Improvement will come only through much improved management and oversight, the GAO said. For Medicare, for example, that means improvements in beneficiary use of services and quality of care, and physician incentive payments and profiling. According to GAO researchers, Medicare reported an estimated $60 billion in improper payments in 2014.

In its 404-page “High Risk Series” report to Congress, released Wednesday, the watchdog agency notes that both programs remain “highly vulnerable to fraud, waste and abuse.” Report authors outlined a series of recommendations intended to get the programs off the list in the coming years. Medicare, long-term care's second biggest source of income, has been on the risk report every year since the GAO began publishing it in 1990; Medicaid, LTC's biggest payer, has since 2003.

Medicare payment rates remain unacceptably high, while the Medicaid program continues to be plagued by a dearth of accurate, reliable and timely data at the federal level, GAO investigators found. Exacerbating the problems with Medicaid is its booming enrollment growth fueled by broader eligibility criteria under the Affordable Care Act. Medicaid payment improprieties rose to 6.7% last year, compared to 5.8% in 2013.

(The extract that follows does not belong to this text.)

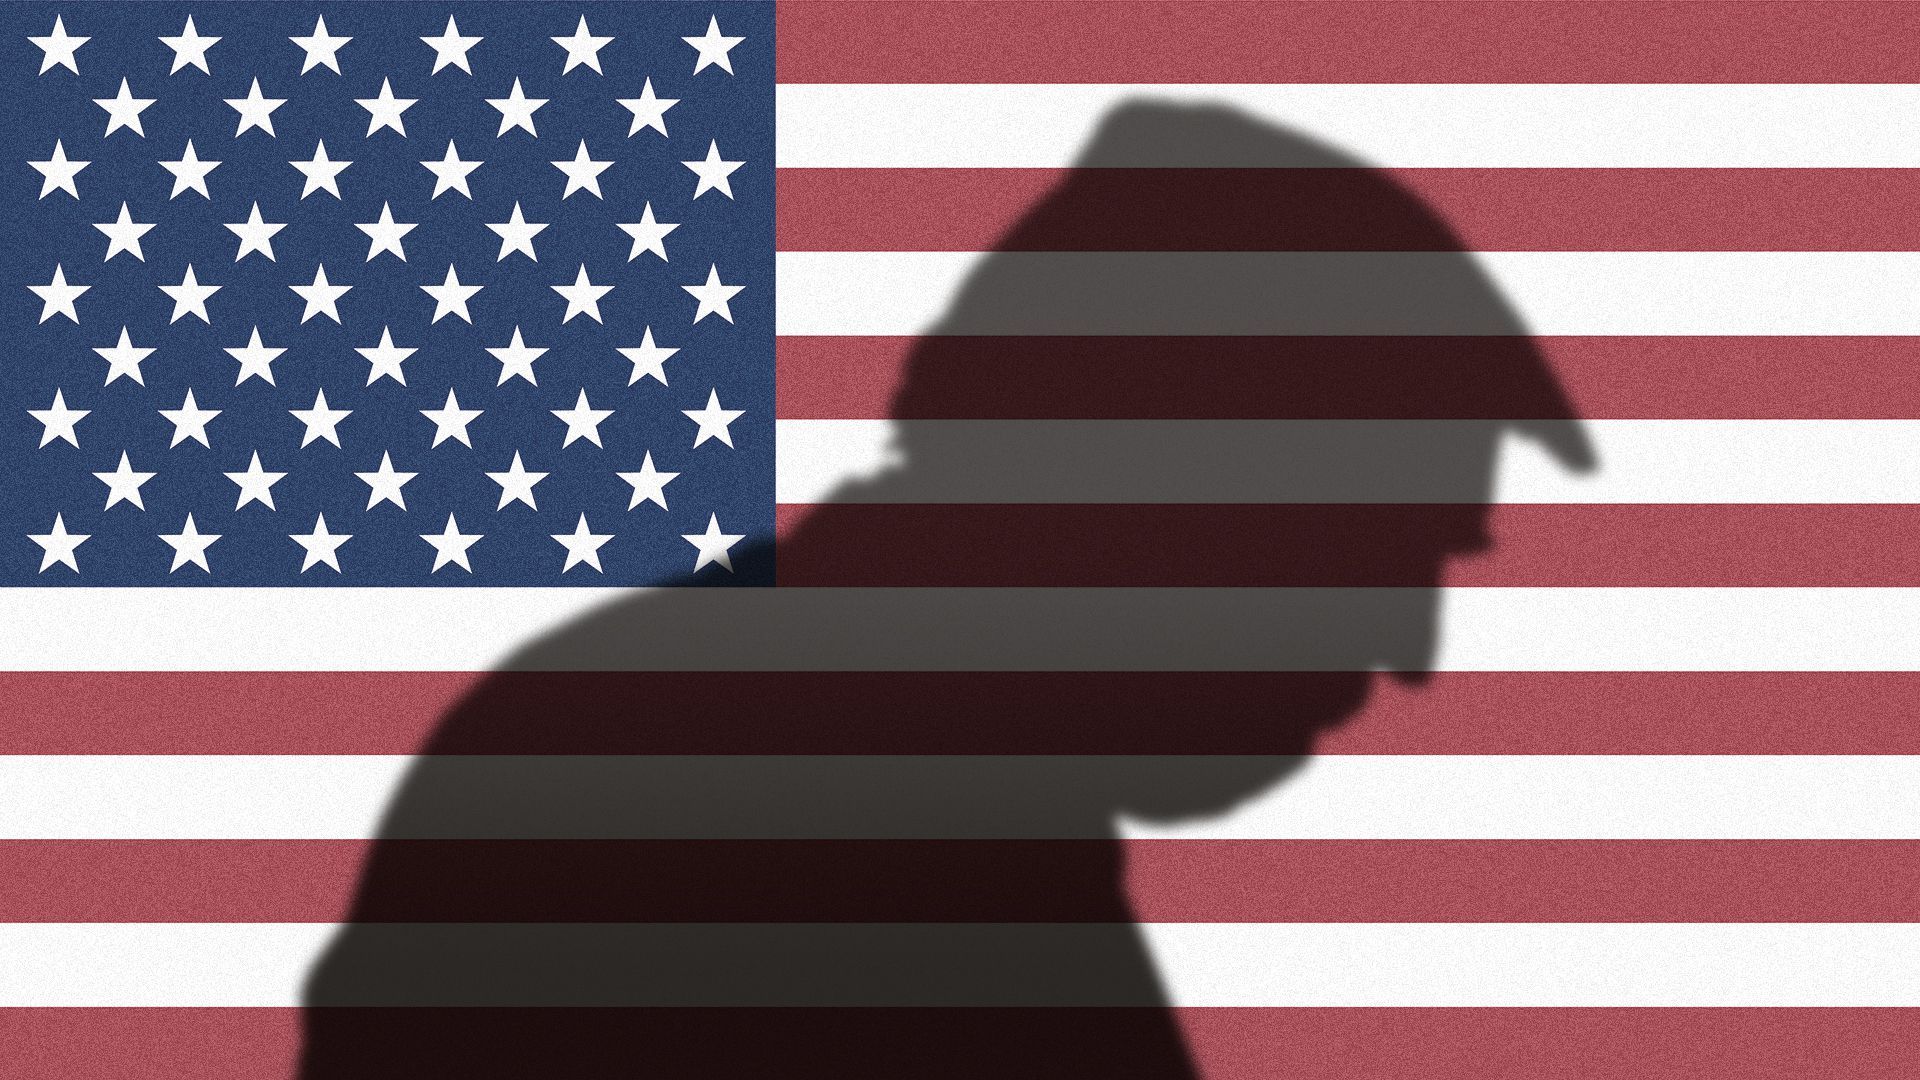 Illustration of Trump's shadow cast upon the U.S. flag

The GAO report didn't skimp on praising the positive steps the Department of Health and Human Services and the Centers for Medicare & Medicaid Services have taken the past two years to curb payment issues and fraud. They include better Medicare audit contractor monitoring and more effective and efficient agency inspections, strengthening provider and supplier enrollment rules, and improving the fee-for-service pre- and post-payment claims review processes.

Among the GAO's more specific recommendations are calls for: More frequent dissemination of physician performance reports; closer scrutiny of long-term care hospitals and Medicare contractors treating end-stage renal disease; and better diagnostic coding practices regarding differences between Medicare Advantage and Medicare fee-for-service.